Двум рикшам, спасшим жизнь престолонаследника, Россия назначила огромную пожизненную пенсию размером в тысячу иен, что равнялось годовой зарплате члена парламента. Оба получили по ордену – Павлонии от Японии и Святой Анны – от России.
Кое-кто призывал переименовать город Оцу, чтобы сменить «опозорившее себя название». Но до столь радикальных мер дело не дошло, хотя на родине полицейского, в деревне Канаяма префектуры Ямагата, сход запретил называть детей именем преступника, а его родственников изгнали из деревни.
В Нагасаки одну маленькую майко, родом из Канаямы, изгнали из дома, в котором она прожила всю жизнь, и девушке пришлось пополнить ряды жалких портовых проституток.
Не выдержав «национального позора» и горюя о том, что Николай отказался от посещения Токио, одна женщина заколола себя кинжалом перед зданием мэрии Киото.
Позже российское правительство затребовало из Афин трость, которой Джорджи сбил с ног Цуду Сандзо.

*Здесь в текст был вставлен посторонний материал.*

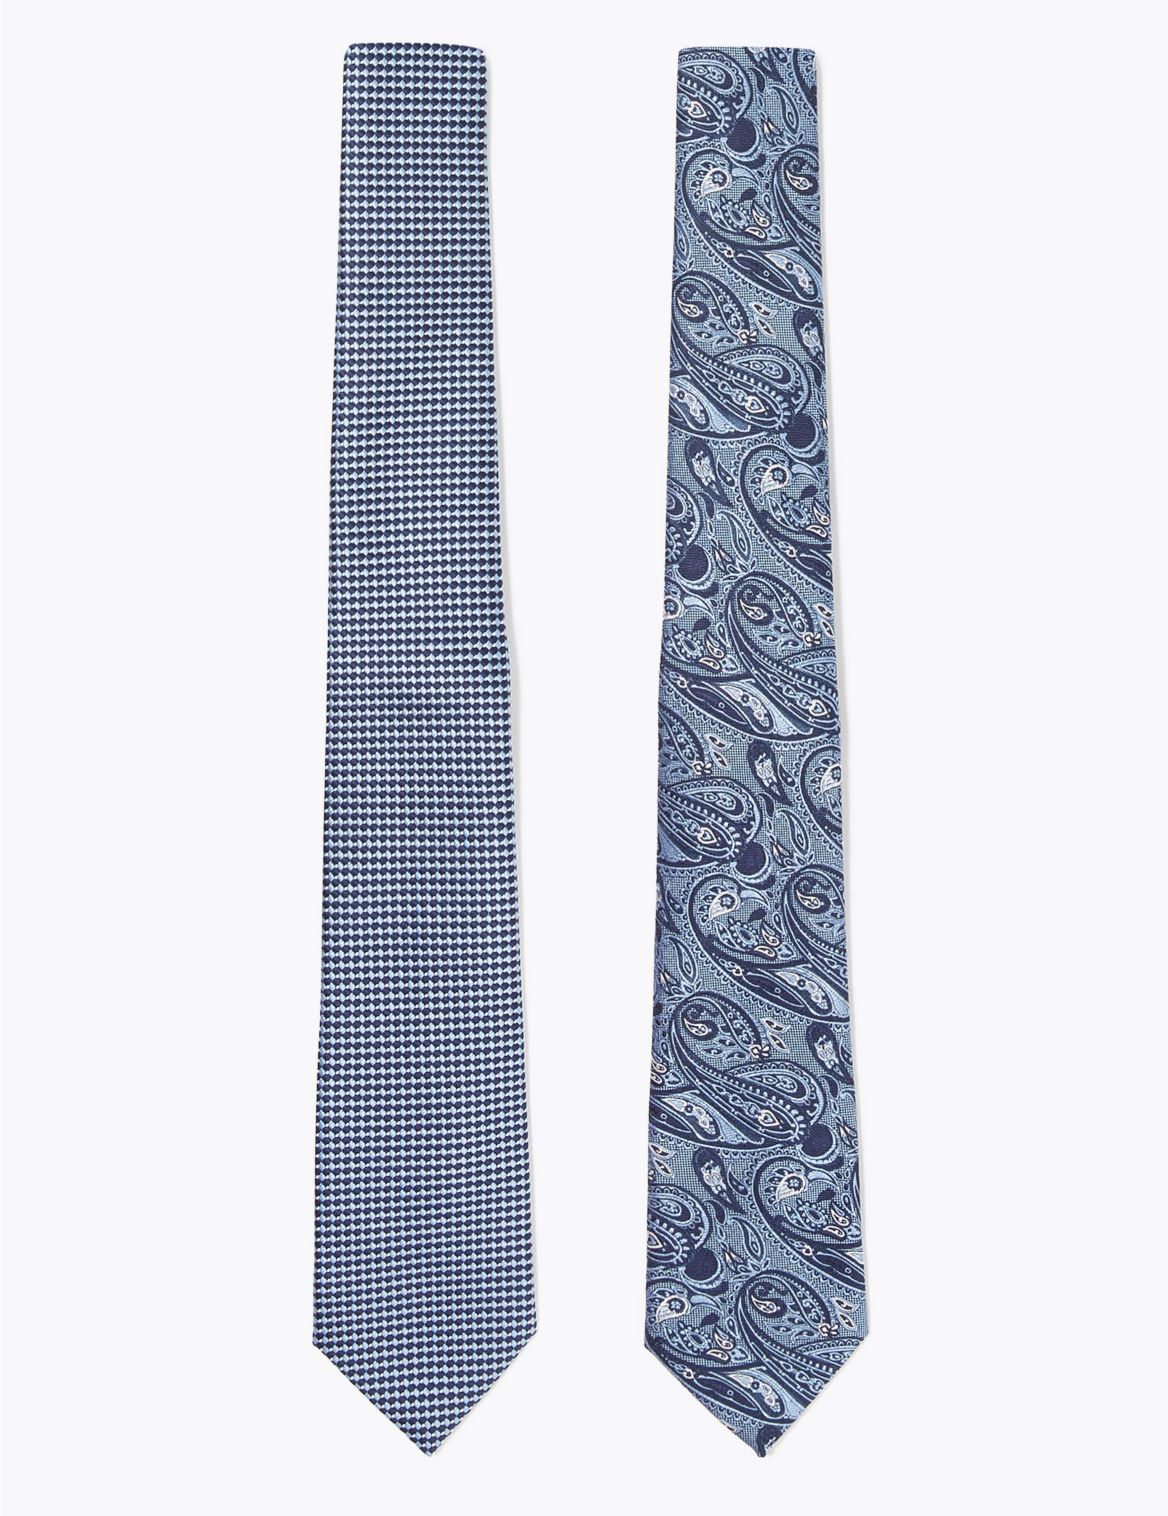 2 Pack Slim Woven Check & Paisley Ties blue

Вскоре, украсив набалдашник трости драгоценными камнями, ее вернули обратно.
И вот настал день отплытия. Перед самым прощальным гудком к «Памяти Азова» подошла лодка, и цесаревичу доложили, что знаменитый мастер по изготовлению японских кукол Кавасима Дзимбей II прислал наследнику еще один подарок. Но на корабле уже царила суматоха, трап подняли, поэтому особого внимания подарку и дарителю не оказали: просто приняли на борт ящик размером в человеческий рост, а открыли его только по прибытии в Петербург. Внутри оказалась кукла-гейша в натуральную величину в великолепном наряде. Ники полюбовался ею, да и забыл. Он так и не узнал, что кукла была изготовлена по особой просьбе императора Японии, которому доложили об истинной причине покушения на русского цесаревича. У полицейского Цуды Сандзо была в Нагасаки сестра по имени О-Мацу, которая готовилась стать гейшей.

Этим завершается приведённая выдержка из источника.